- Desde 7 de outubro de 2023, 235 crianças palestinas foram mortas pela força israelense no West Bank, sem qualquer indiciamento; há mais cinco mortes associadas a colonos.
- Mohammad al-Halaq, de nove anos, morreu após ser baleado na pelve durante uma ofensiva de soldados israelenses em ar-Rihiya, perto de Hebrom, em 16 de outubro do ano passado.
- Casos citados pelos levantamentos incluem Rimas Amuri, de 13 anos, em Jenin, e Layla al-Khatib, de 2 anos, mortas em incidentes separados envolvendo militares; famílias relatam falta de respostas oficiais.
- Organizações de direitos humanos afirmam que há impunidade e que crianças são alvo deliberado em alguns casos; autoridades israelenses dizem que investigações são feitas e que combatem o terrorismo conforme a lei.
- A comissão de inquérito da ONU aponta possíveis crimes contra crianças palestinas, incluindo genocídio em Gaza e crimes de guerra na West Bank, segundo relatos citados pela matéria.
O exército israelense informou ter matado 235 menores palestinos na Cisjordânia desde 7 de outubro de 2023, sem indictments, segundo organizações de direitos humanos que chamam o fato de licença para matar. O conflito começou com o ataque a Israel que deixou cerca de 1.200 mortes, incluindo muitos civis.
Na comunidade de ar-Rihiya, ao sul de Hebron, Mohammad al-Halaq, de 9 anos, morreu após ser baleado no quadril por um soldado durante um confronto perto de uma escola. Ele voltava para casa após uma atividade escolar, segundo relatos da família.
A família de Mohammad confirmou que ele estava animado com uma nova mochila de proteção infantil, recebida na escola com o logotipo da Unicef. A mãe, Aliyah, descreveu o garoto como cheio de energia e curiosidade.
O incidente ocorreu por volta das 16h do dia 16 de outubro. Um par de fuzis do exército se aproximou em dois Jeeps, provocando a dispersão dos alunos. Vídeos mostram o momento em que um soldado dispara, levando Mohammad a cair no local.
Além de Mohammad, várias outras crianças faleceram na Cisjordânia desde outubro de 2023, em cenários que vão desde confrontos até operações militares. Organizações como B’Tselem destacam que o padrão tem sido de impunidade.
Yuli Novak, diretora executiva da B’Tselem, afirma que a política israelense permite a morte de palestinos sem responsabilização. A ONG divulgou o relatório Unshielded Childhood, que analisa 54 mortes de menores em 2025, no mínimo.
A Defesa israelense sustenta que não há alvo direto de civis desinteressados e que qualquer dano é analisado. Segundo o porta-voz, as forças agem para neutralizar terrorismo e cumprirem a lei.

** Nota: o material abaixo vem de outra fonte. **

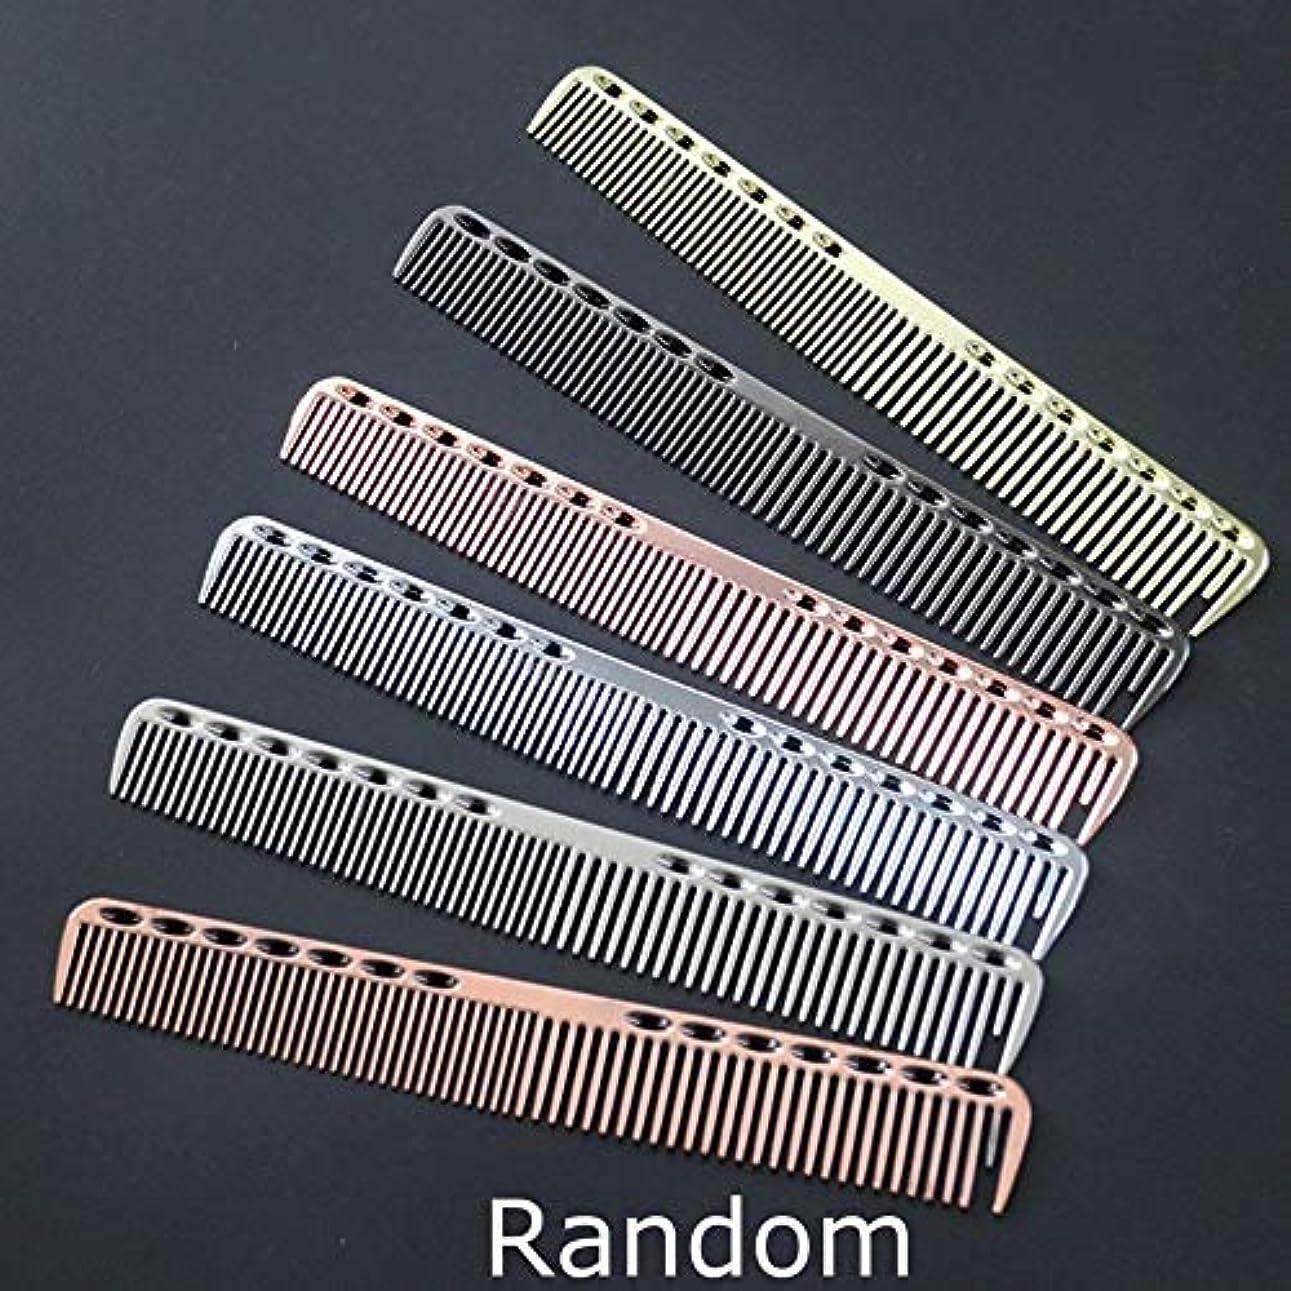 ベアリング退院クライストチャーチ耐久性のあるスペース理髪カット櫛抗静的散髪櫛サロン理容髪美容ツール(Color:random)

Em Jenin, a garota Rimas Amuri, de 13 anos, foi baleada na frente de casa em fevereiro. A família afirma que não houve aviso prévio e que a jovem foi atingida pelas costas, levantando dúvidas sobre a resposta das tropas.
Layla al-Khatib, de 2 anos, morreu em janeiro, quando a sua mãe, Taymaa, estava no colo. O pai, Bassam, conta que a família estava em casa quando houve incursão de soldados que cercaram o prédio próximo.
O IDF informou que os casos de al-Halaq, Amuri e al-Khatib estão sob investigação da Polícia Militar. As investigações devem ser encaminhadas ao Ministério Público Militar para análise final.
Entidades independentes e comissões da ONU destacaram graves violações. Um comitê internacional citou possíveis crimes de guerra em Gaza e na Cisjordânia, incluindo ataques deliberados contra crianças. As autoridades israelenses rejeitam as acusações como incompatíveis com os fatos.
Fontes: Guardian, Haaretz, B’Tselem, Yesh Din, comissões da ONU.